针对你的问题,我梳理了几个核心问题点和对应的修复方案:

1. Streamlit线程安全问题(最关键)

Streamlit的UI组件不能在后台线程直接更新,你现在在transcribe_and_respond里直接调用st.text()st.error(),这会导致UI渲染混乱,甚至触发崩溃。正确的做法是用st.session_state作为数据桥梁,后台线程只负责生成数据,主线程定期读取并更新UI。

2. 音频捕获逻辑不完善

你现在判断len(audio_data) > 20才处理音频,但这个数值和实际的音频时长无关(不同采样率下,每帧的时间长度不同),而且没有过滤静音数据,可能导致一直积累不到触发条件,或者处理大量无效静音。

3. OpenAI API密钥未配置

你的代码里完全没有设置openai.api_key,这会直接导致API调用失败,出现Connection Error。

4. SoundDevice设备适配问题

M2 Mac上可能默认音频设备不是麦克风,或者SoundDevice没有正确识别到输入设备,导致无法捕获音频。


修复后的完整代码示例

import os
import openai
import whisper
import streamlit as st
import sounddevice as sd
import numpy as np
import queue
import threading
import time

# 配置OpenAI API密钥(建议从环境变量读取,不要硬编码)
openai.api_key = os.getenv("OPENAI_API_KEY")

# Initialize Whisper model
whisper_model = whisper.load_model('tiny')

# Streamlit初始化
st.title("AI/ML Interview Assistant")
status_text = st.markdown("Listening for interview questions...")

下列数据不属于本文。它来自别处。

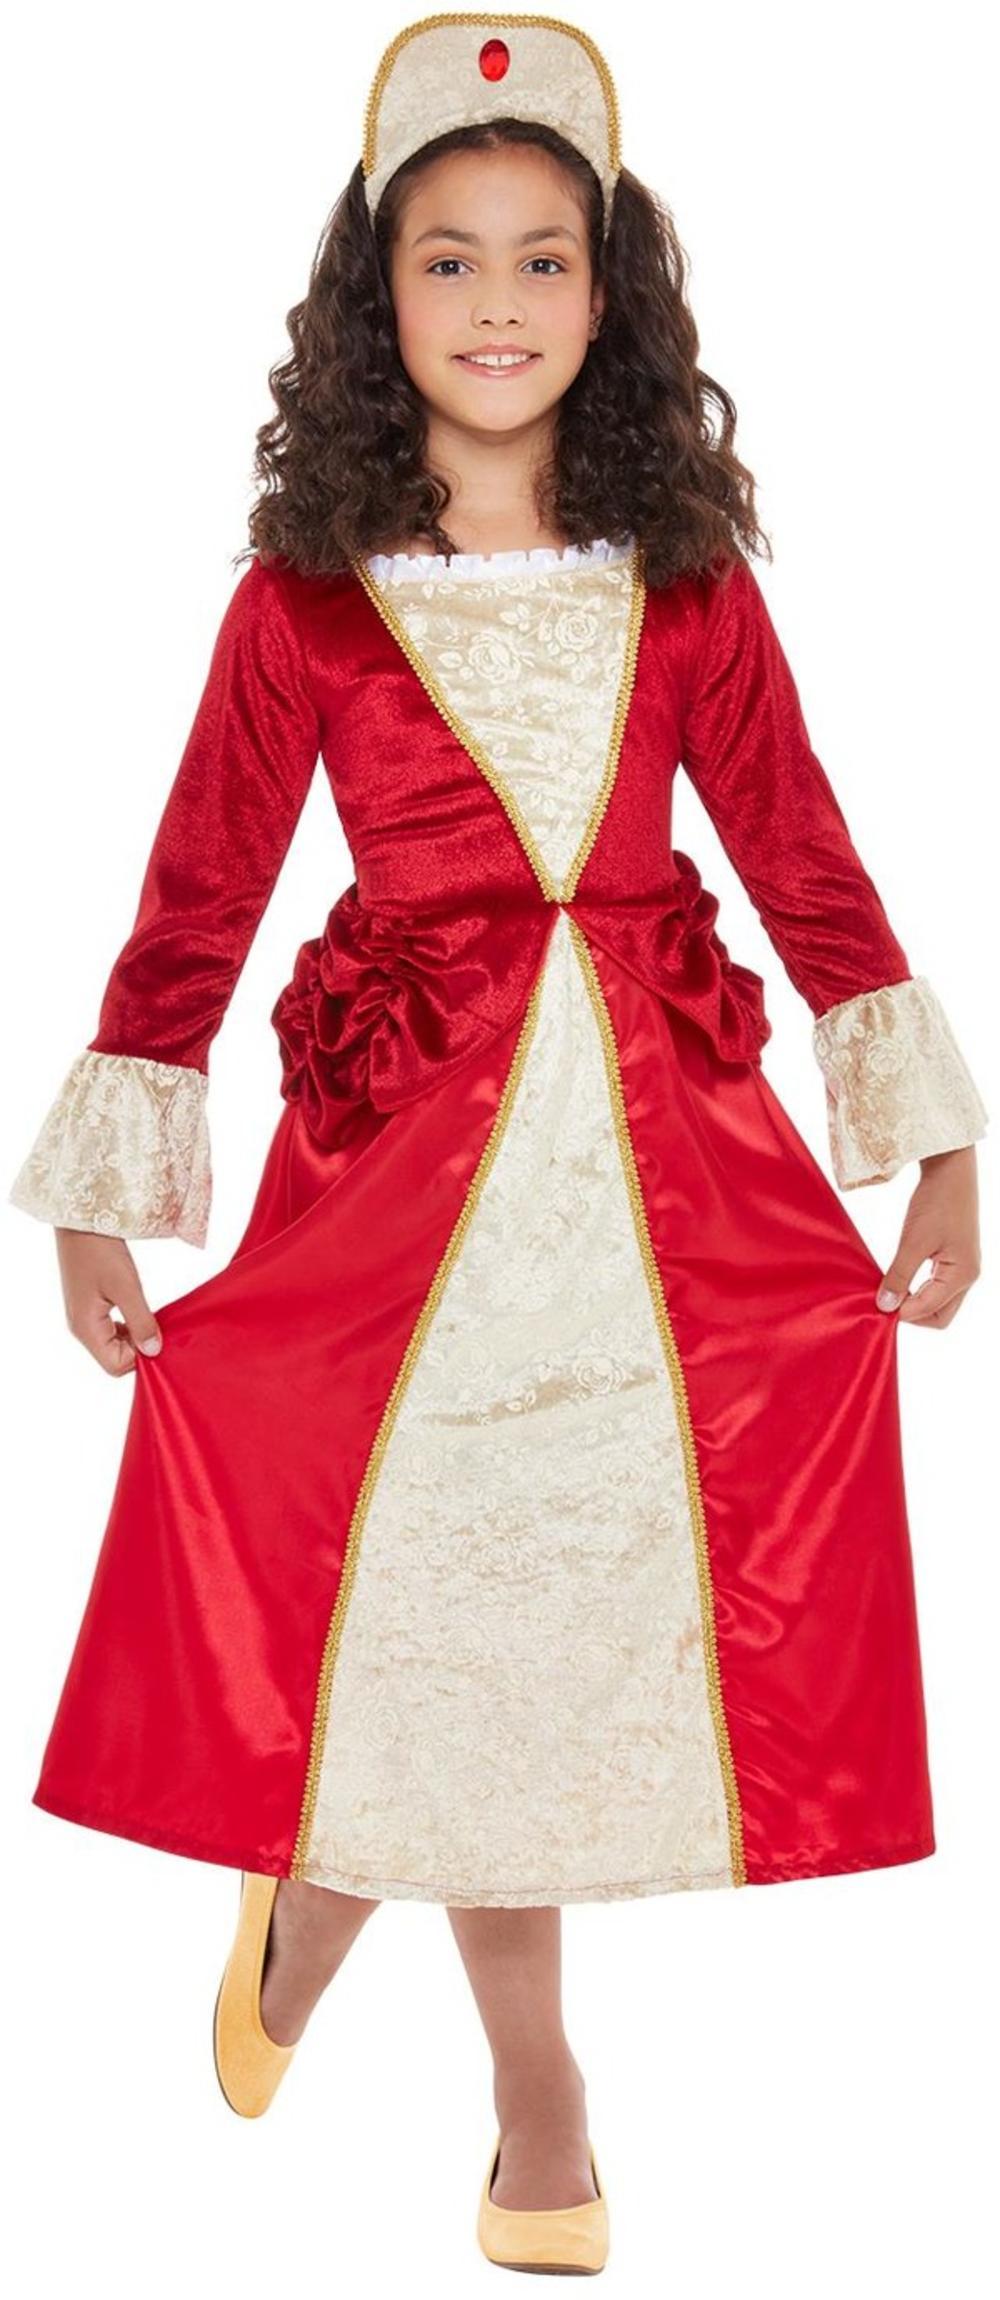 Tudor Princess Girls Fancy Dress Royal Medieval World Book Day Week Kids Costume

# 用session_state存储对话历史,避免线程安全问题
if "conversation" not in st.session_state:
    st.session_state.conversation = []
conversation_container = st.container()

# Real-time audio queue
audio_queue = queue.Queue()
# 音频参数配置,和Whisper默认一致
SAMPLERATE = 16000
CHANNELS = 1

# 静音检测阈值,过滤无效静音
SILENCE_THRESHOLD = 0.01

# Audio callback to capture microphone input
def audio_callback(indata, frames, time, status):
    if status:
        print(status)
    # 只保留超过静音阈值的音频数据
    if np.abs(indata).mean() > SILENCE_THRESHOLD:
        audio_queue.put(indata.copy())

# Transcribe audio and generate responses(后台线程,只处理数据不更新UI)
def transcribe_and_respond():
    audio_buffer = []
    # 累计约2秒的音频再处理(16000采样率下,每帧默认是1024,2秒约31帧)
    MAX_BUFFER_FRAMES = 30
    while True:
        try:
            if not audio_queue.empty():
                audio_buffer.append(audio_queue.get())
                if len(audio_buffer) >= MAX_BUFFER_FRAMES:
                    # 拼接音频并转换为Whisper需要的格式
                    audio_segment = np.concatenate(audio_buffer, axis=0).flatten()
                    audio_buffer.clear()
                    # Whisper处理
                    transcription = whisper_model.transcribe(audio_segment, language="en")
                    question = transcription['text'].strip()
                    if question:  # 确保转录到有效文本
                        # 生成回答
                        response = generate_response(question)
                        # 把结果放到session_state,交给主线程更新UI
                        st.session_state.conversation.append({"user": question, "assistant": response})
                    time.sleep(0.5)
        except Exception as e:
            # 把错误信息放到session_state
            st.session_state.conversation.append({"error": f"Error: {str(e)}"})
            time.sleep(1)

# Generate response using OpenAI API
def generate_response(question):
    try:
        response = openai.Completion.create(
            model="text-davinci-003",
            prompt=f"Q: {question}\nA:",
            max_tokens=150,
            temperature=0.7
        )
        return response['choices'][0]['text'].strip()
    except Exception as e:
        return f"Failed to generate response: {str(e)}"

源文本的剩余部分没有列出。